## Your assignment
In the records below, repeat exactly the lines between the line holding "Dulux Weathershield Exterior" and the line holding "X40876 Steel Wheel", inclusive, and drop the pictures.

## Records provided
═══
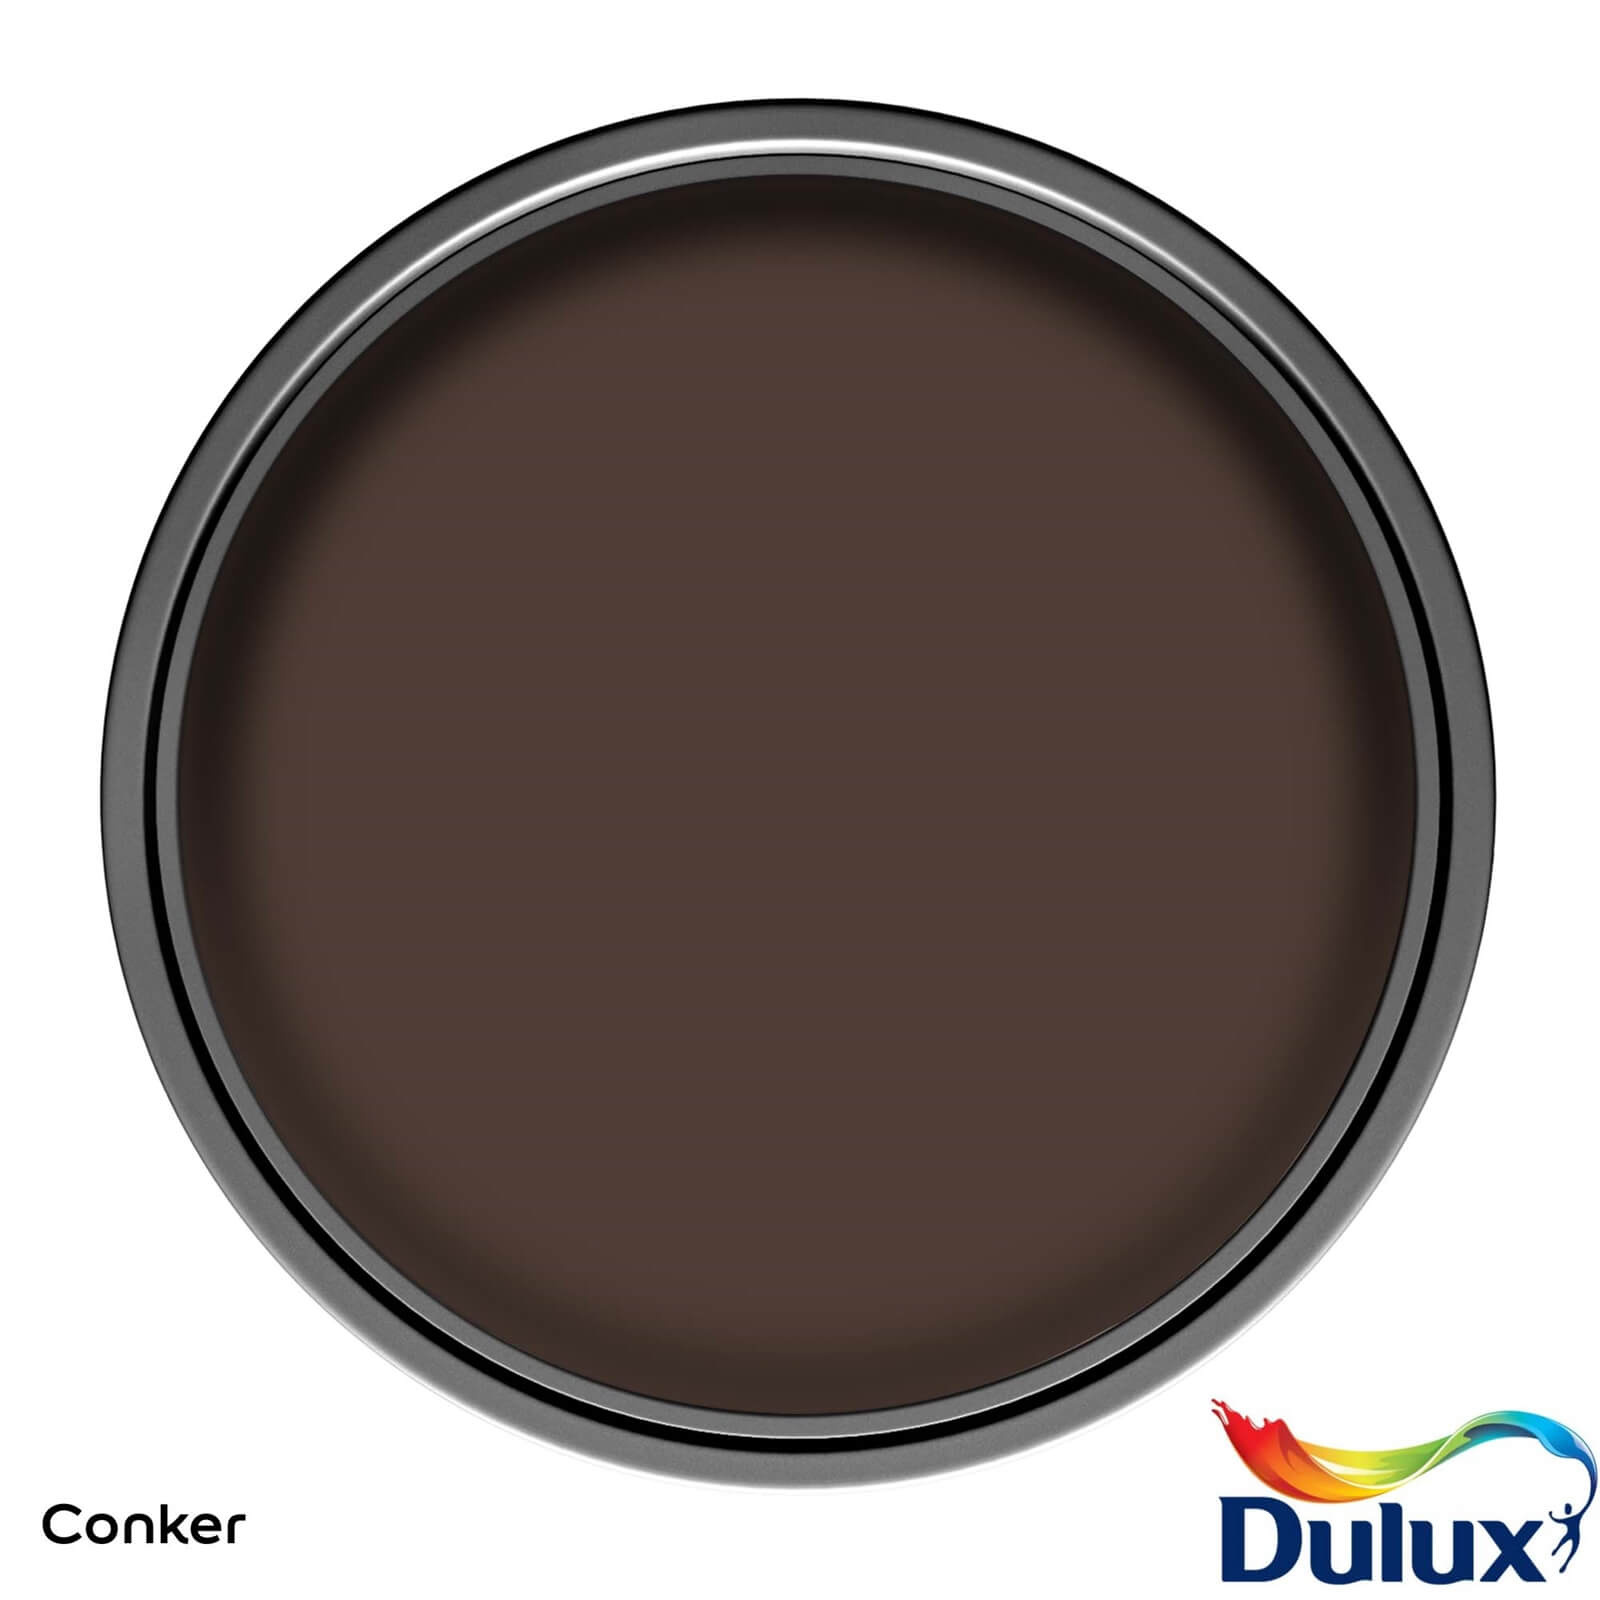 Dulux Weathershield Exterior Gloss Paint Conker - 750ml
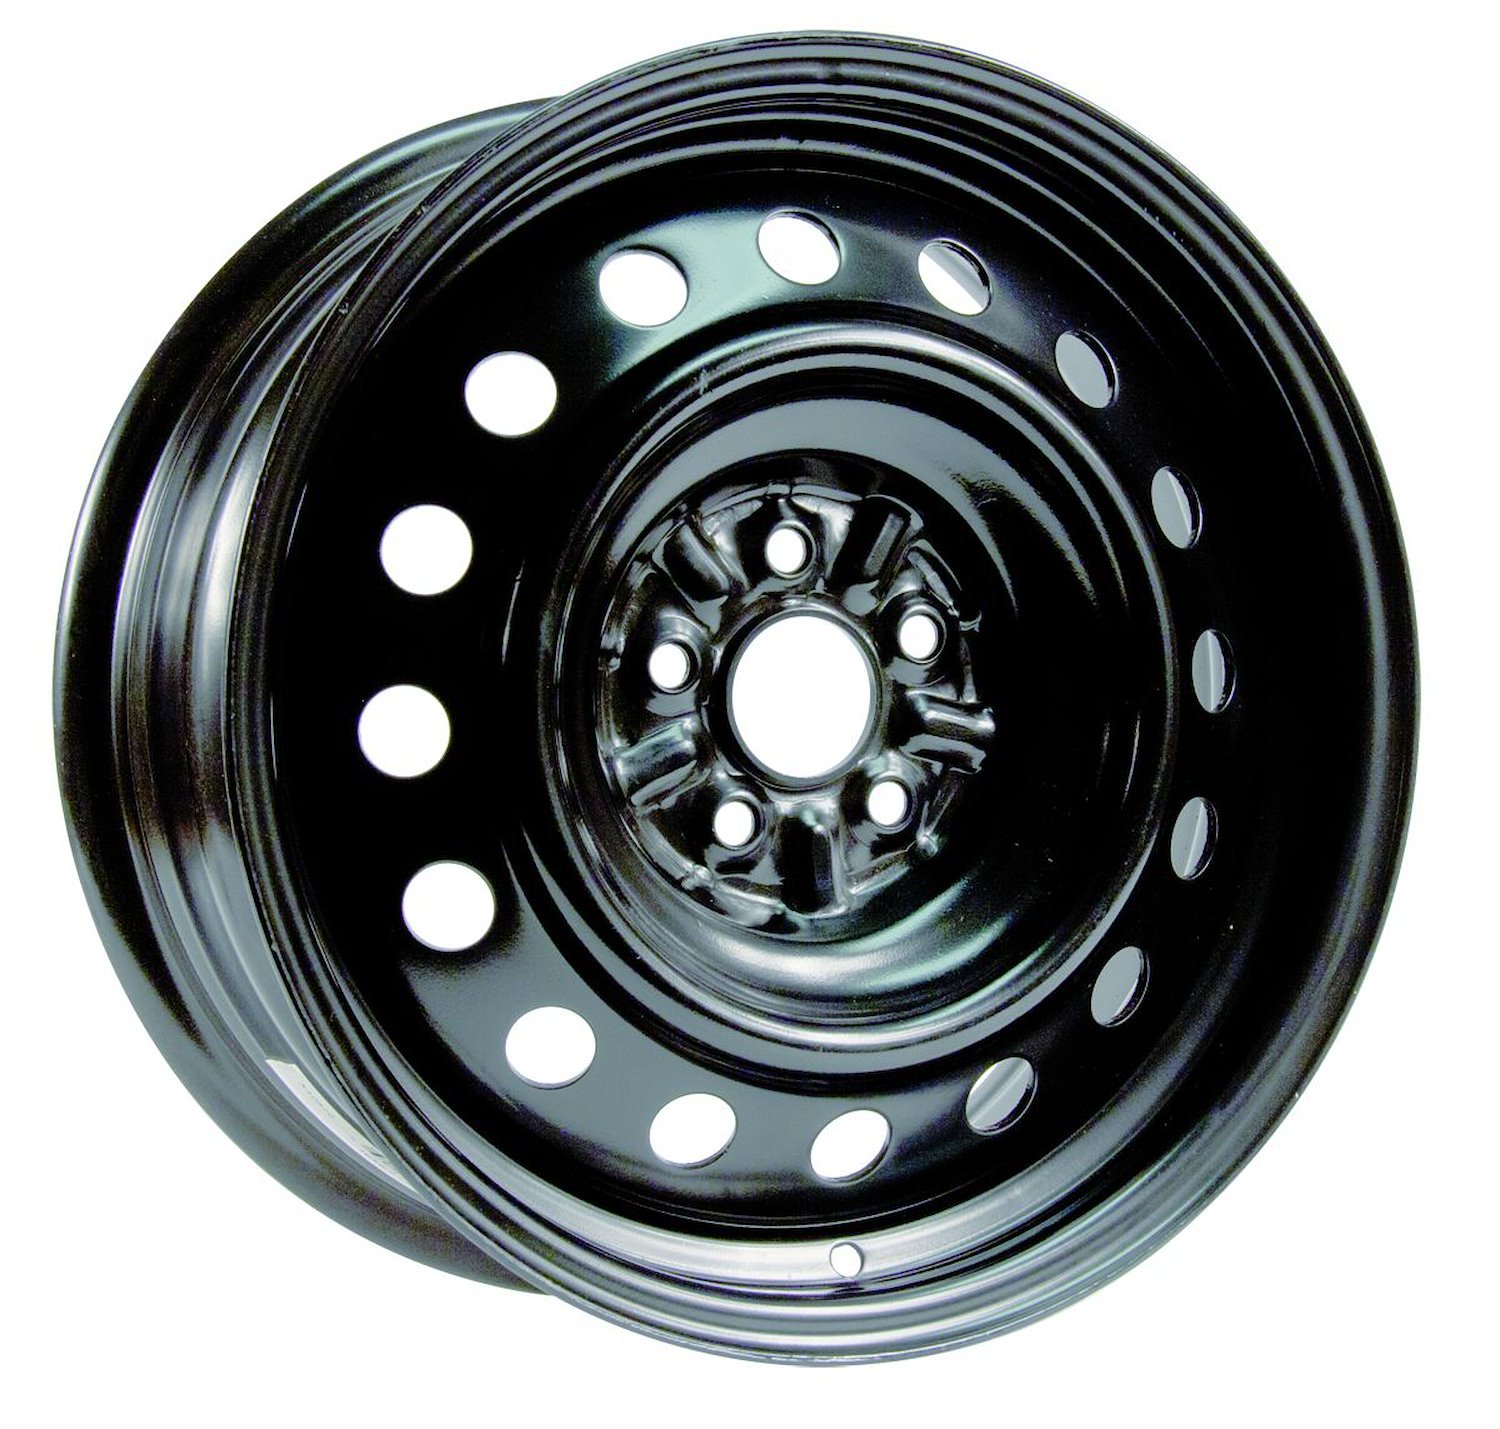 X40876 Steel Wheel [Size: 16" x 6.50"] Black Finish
═══
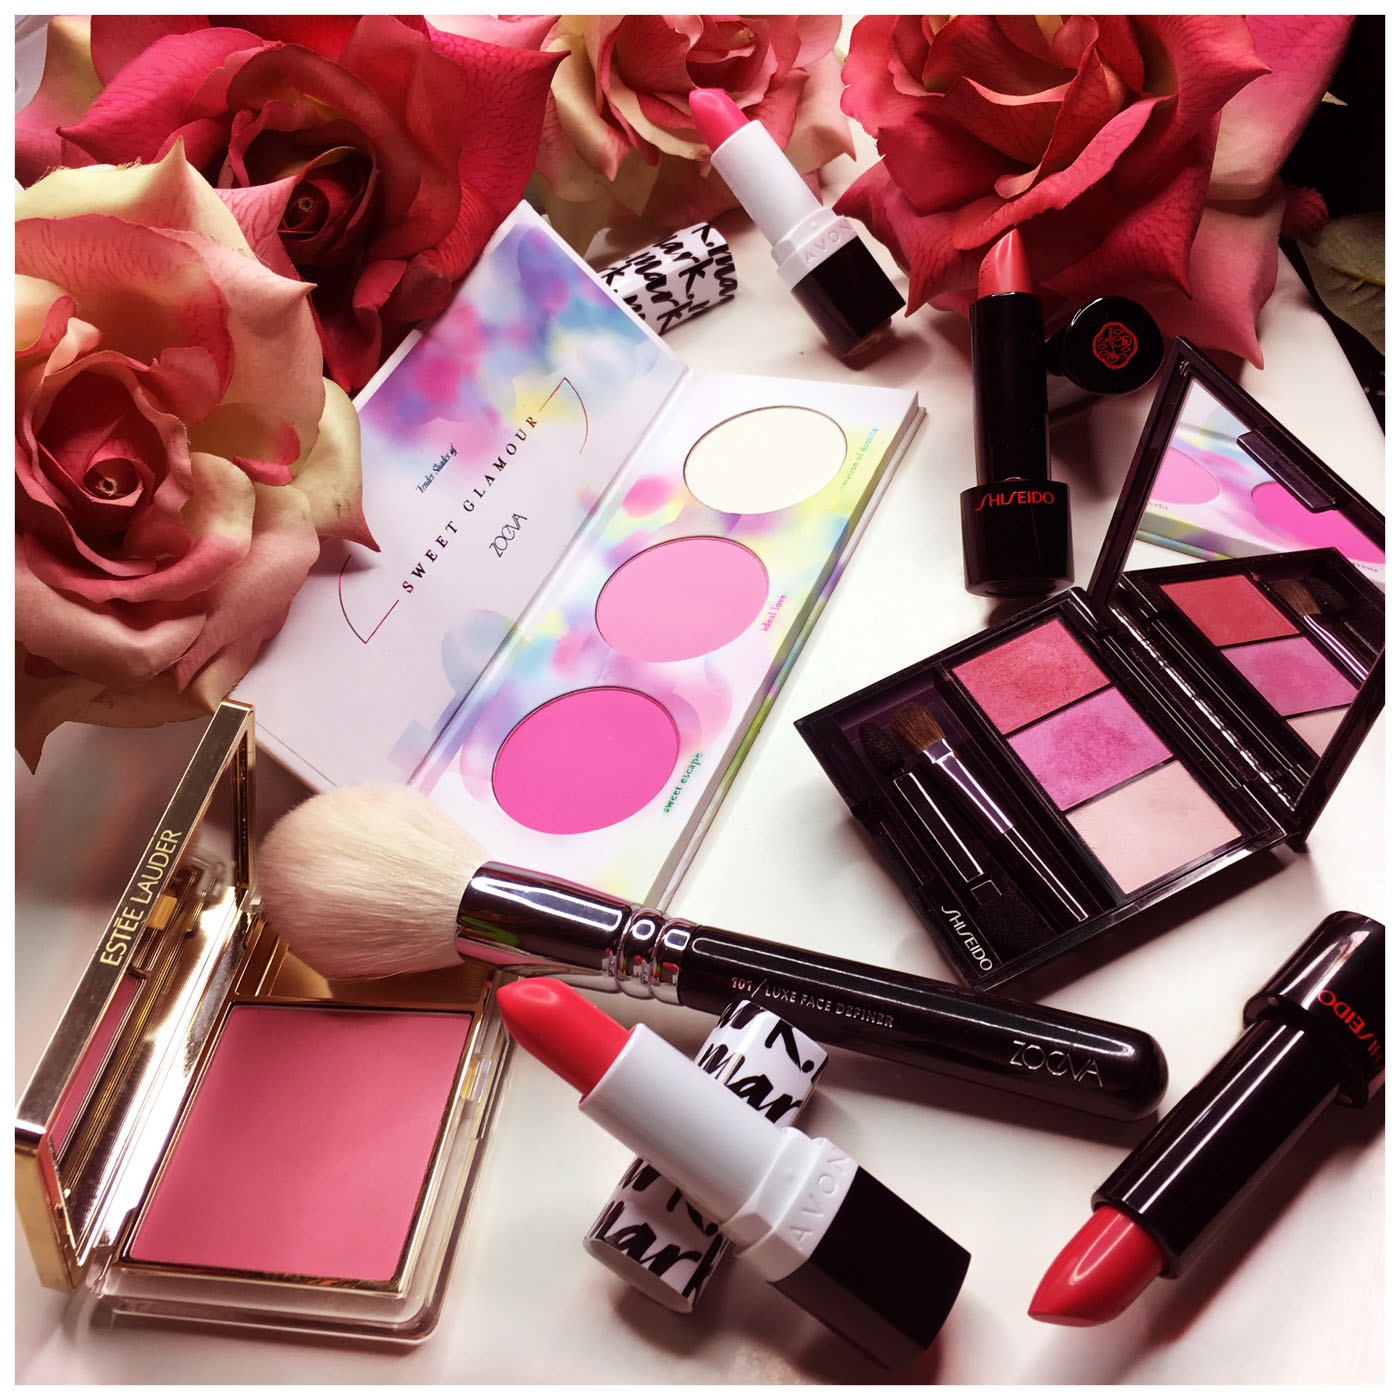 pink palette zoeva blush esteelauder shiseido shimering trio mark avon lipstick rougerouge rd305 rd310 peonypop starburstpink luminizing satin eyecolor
═══
## Result for this exercise
 Dulux Weathershield Exterior Gloss Paint Conker - 750ml
 X40876 Steel Wheel [Size: 16" x 6.50"] Black Finish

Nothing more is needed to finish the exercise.